Мне не раз доводилось выступать и в парламенте Франции, и постоянно это были содержательные дискуссии. К слову, та аудитория в западноевропейском посольстве в Москве, где вы тоже находились, оставила у меня чувство морального ублажения. На очень многие аргументы, которые я приводил от лица Рф, мои оппоненты не отыскали достойных контраргументов. Выступления перед самыми различными аудиториями — часть моей работы. И не постоянно непризнательная часть. Вот вам наглядный пример: в начале июля, намедни визита Владимира Путина в Рим, мне предложили выступить перед большенный итальянской аудиторией. Собралось человек 120–130. Зал был полон. Встреча продолжалась два часа, но я успел ответить далековато не на все вопросы. Энтузиазм к Рф в почти всех европейских странах весьма велик. Есть много аудитории на Западе, которые ожидают нашего слова — в том числе и поэтому, что сами мучаются от одномерности политической инфы в собственных странах. И когда они слышат представителя из Рф, который на понятном им языке разъясняет и аргументирует нашу позицию, они как минимум открывают себе много новейшего.

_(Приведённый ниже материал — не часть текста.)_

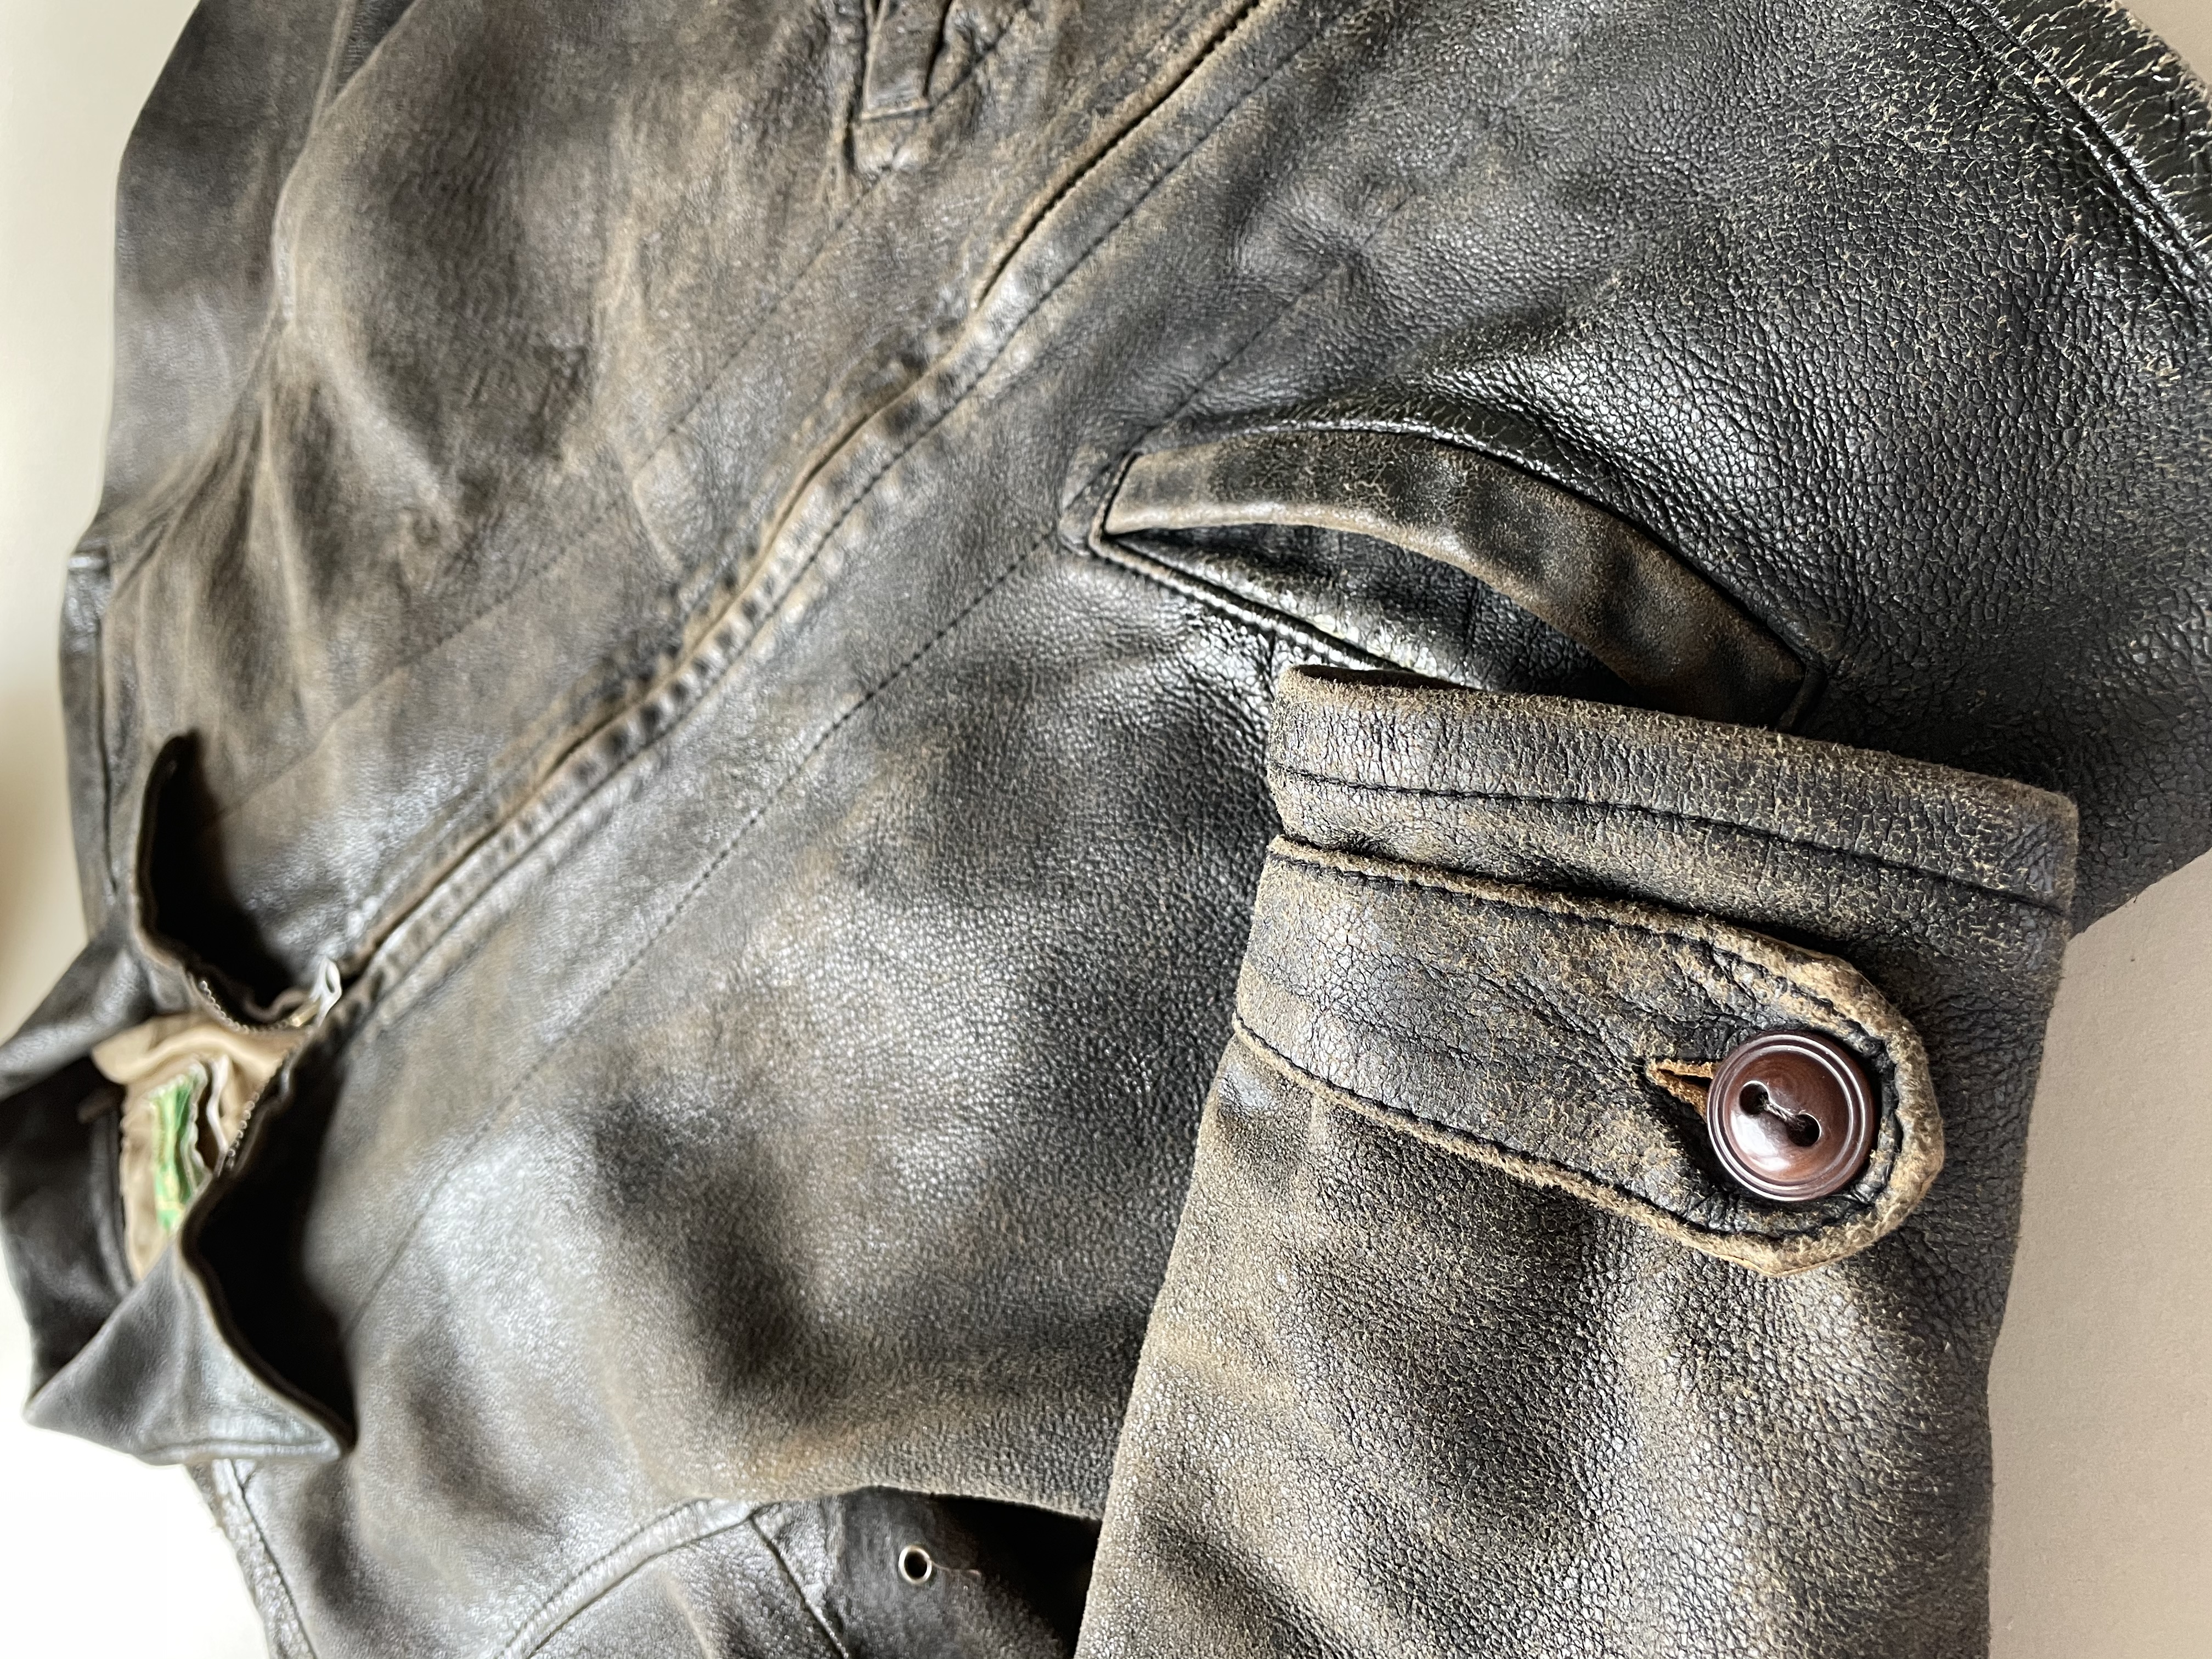 Levi's Vintage Leather Jacket in Skyfall

— Крайний вопрос: чего же бы вы желали сами для себя пожелать на юбилей?
— Было бы грамотнее до этого всего пожелать для себя крепкого здоровья — чтоб организм не подвел. Понимаете, случается так, что человек на уровне мозга, нрава и на чувственном уровне еще далековато не старый, а организм уже начинает его подводить. Хотелось бы в связи с этим сохранить здоровье. И хотелось бы сохранить внимание и признание тех людей, которые меня слышат как в Рф, так и за рубежом. Людей, которые глядят мою приложение и которые в протяжении уже 21 года воспринимают то, что я говорю с телеэкрана, и не изменяют «Постскриптуму». И, естественно, хотелось бы сохранить внимание и самые теплые чувства со стороны тех людей, которые мне дороги.